Approach #2 : Vectorized one with searchsorted
A vectorized one could be suggested using np.searchsorted
-
sidx = k.argsort() #k,v from approach #1
k = k[sidx]
v = v[sidx]
idx = np.searchsorted(k,input_array.ravel()).reshape(input_array.shape)
idx[idx==len(k)] = 0
mask = k[idx] == input_array
out = np.where(mask, v[idx], 0)
Approach #3 : Vectorized one with mapping-array for integer keys
A vectorized one could be suggested using a mapping array for integer keys, which when indexed by the input array would lead us directly to the final output -
mapping_ar = np.zeros(k.max()+1,dtype=v.dtype) #k,v from approach #1
mapping_ar[k] = v
out = mapping_ar[input_array]
Solution 2:
I think the Divakar #3 method assumes that the mapping dict covers all values (or at least the maximum value) in the target array. Otherwise, to avoid index out of range errors, you have to replace the line
mapping_ar = np.zeros(k.max()+1,dtype=v.dtype)
with
mapping_ar = np.zeros(array.max()+1,dtype=v.dtype)
That adds considerable overhead.
Solution 3:
Given that you're using numpy arrays, I'd suggest you do a mapping using numpy too. Here's a vectorized approach using np.select
:
mapping = {1:2, 5:3, 8:6}
keys, choices = list(zip(*mapping.items()))
# [(1, 5, 8), (2, 3, 6)]
# we can use broadcasting to obtain a 3x100x100
# array to use as condlist
conds = np.array(keys)[:,None,None] == input_array
# use conds as arrays of conditions and the values
# as choices
np.select(conds, choices)
array([[2, 2, 2, ..., 0, 0, 0],
[2, 2, 2, ..., 0, 0, 0],
[2, 2, 2, ..., 0, 0, 0],
...,
[0, 0, 0, ..., 0, 0, 0],
[0, 0, 0, ..., 0, 0, 0],
[0, 0, 0, ..., 0, 0, 0]])
Solution 4:
The numpy_indexed library (disclaimer: I am its author) provides functionality to implement this operation in an efficient vectorized maner:
import numpy_indexed as npi
output_array = npi.remap(input_array.flatten(), list(mapping.keys()), list(mapping.values())).reshape(input_array.shape)

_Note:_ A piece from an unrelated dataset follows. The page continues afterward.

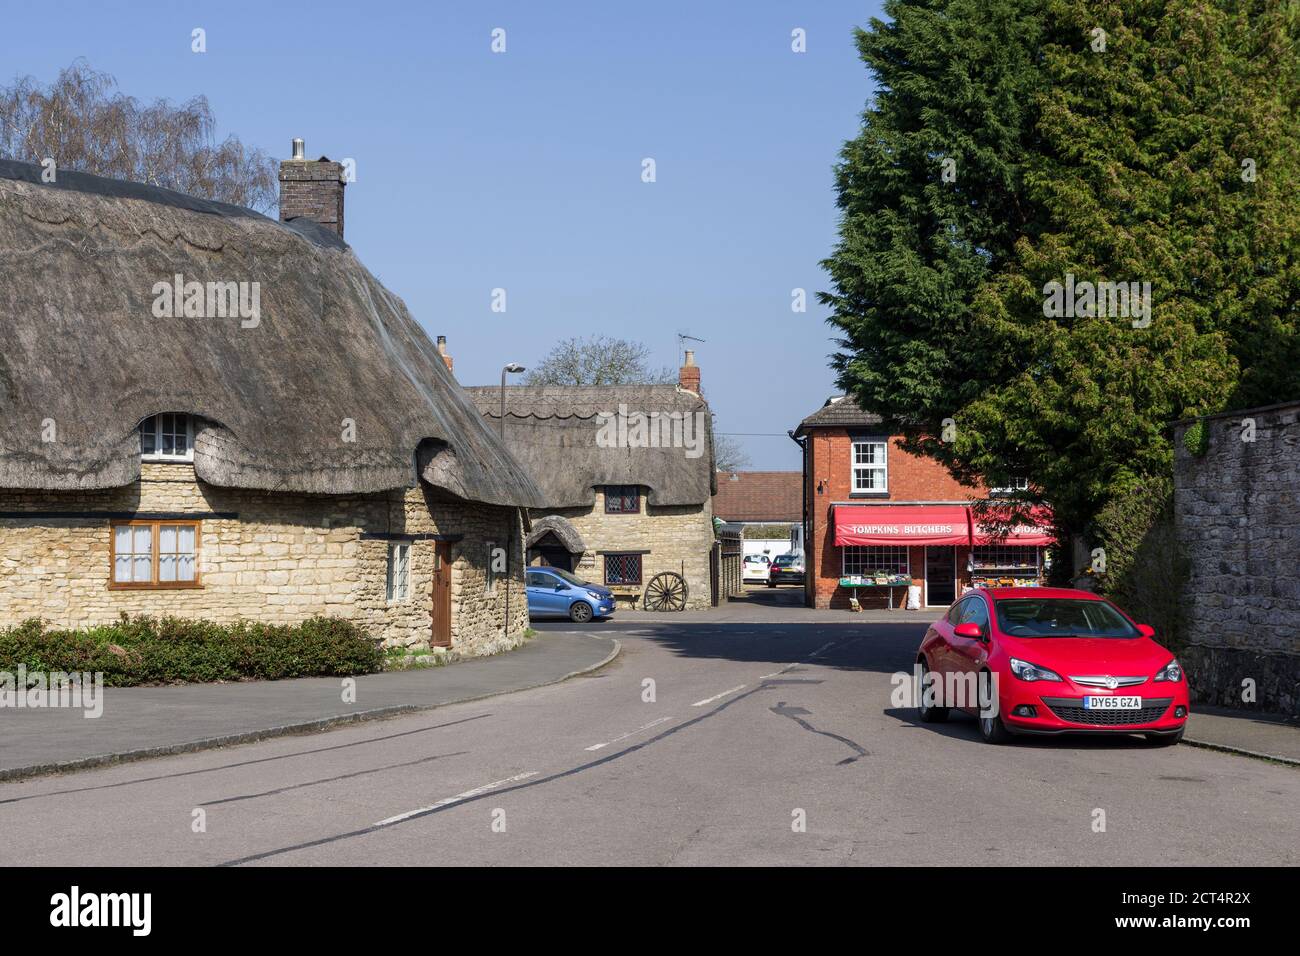 Scena di strada, Piazza del mercato nel villaggio di Hanslope, Buckinghamshire, Regno Unito Foto Stock
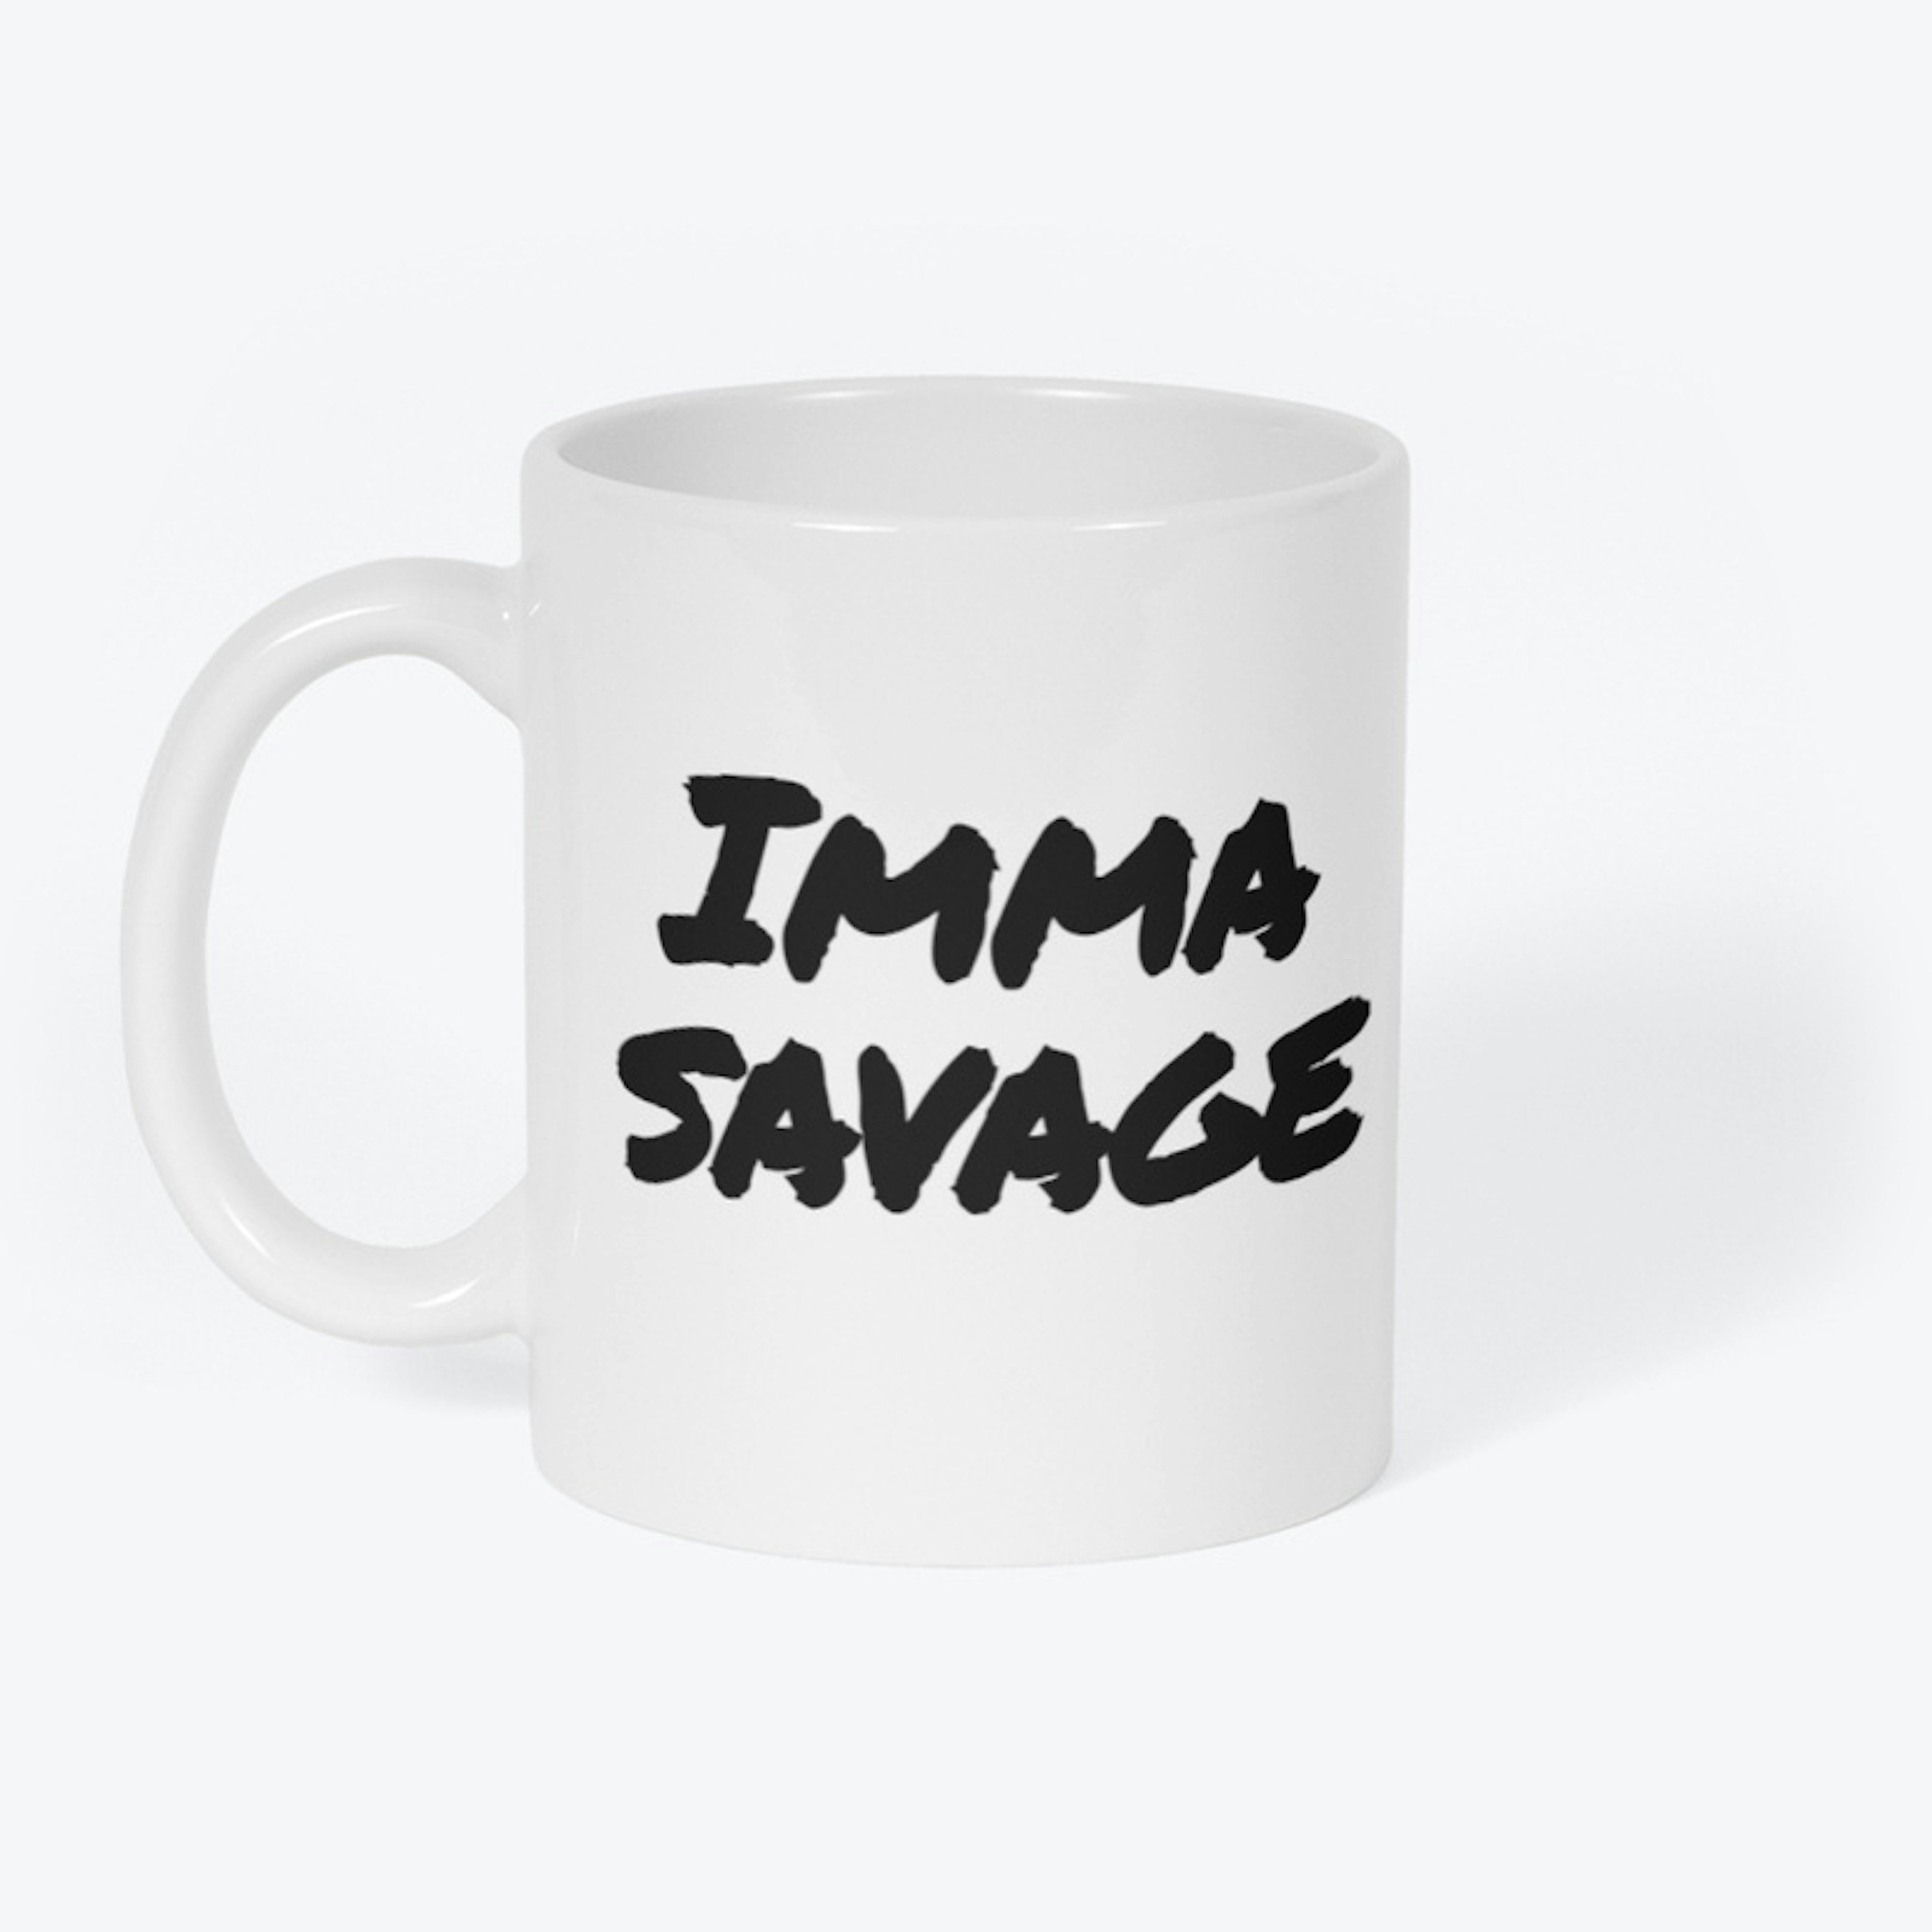 Imma Savage Mug

Note; I didnt test it; but it should work along these lines. Efficiency should be good for large inputs, and many items in the mapping; I imagine similar to divakars' method 2; not as fast as his method 3. But this solution is aimed more at generality; and it will also work for inputs which are not positive integers; or even nd-arrays (f.i. replacing colors in an image with other colors, etc).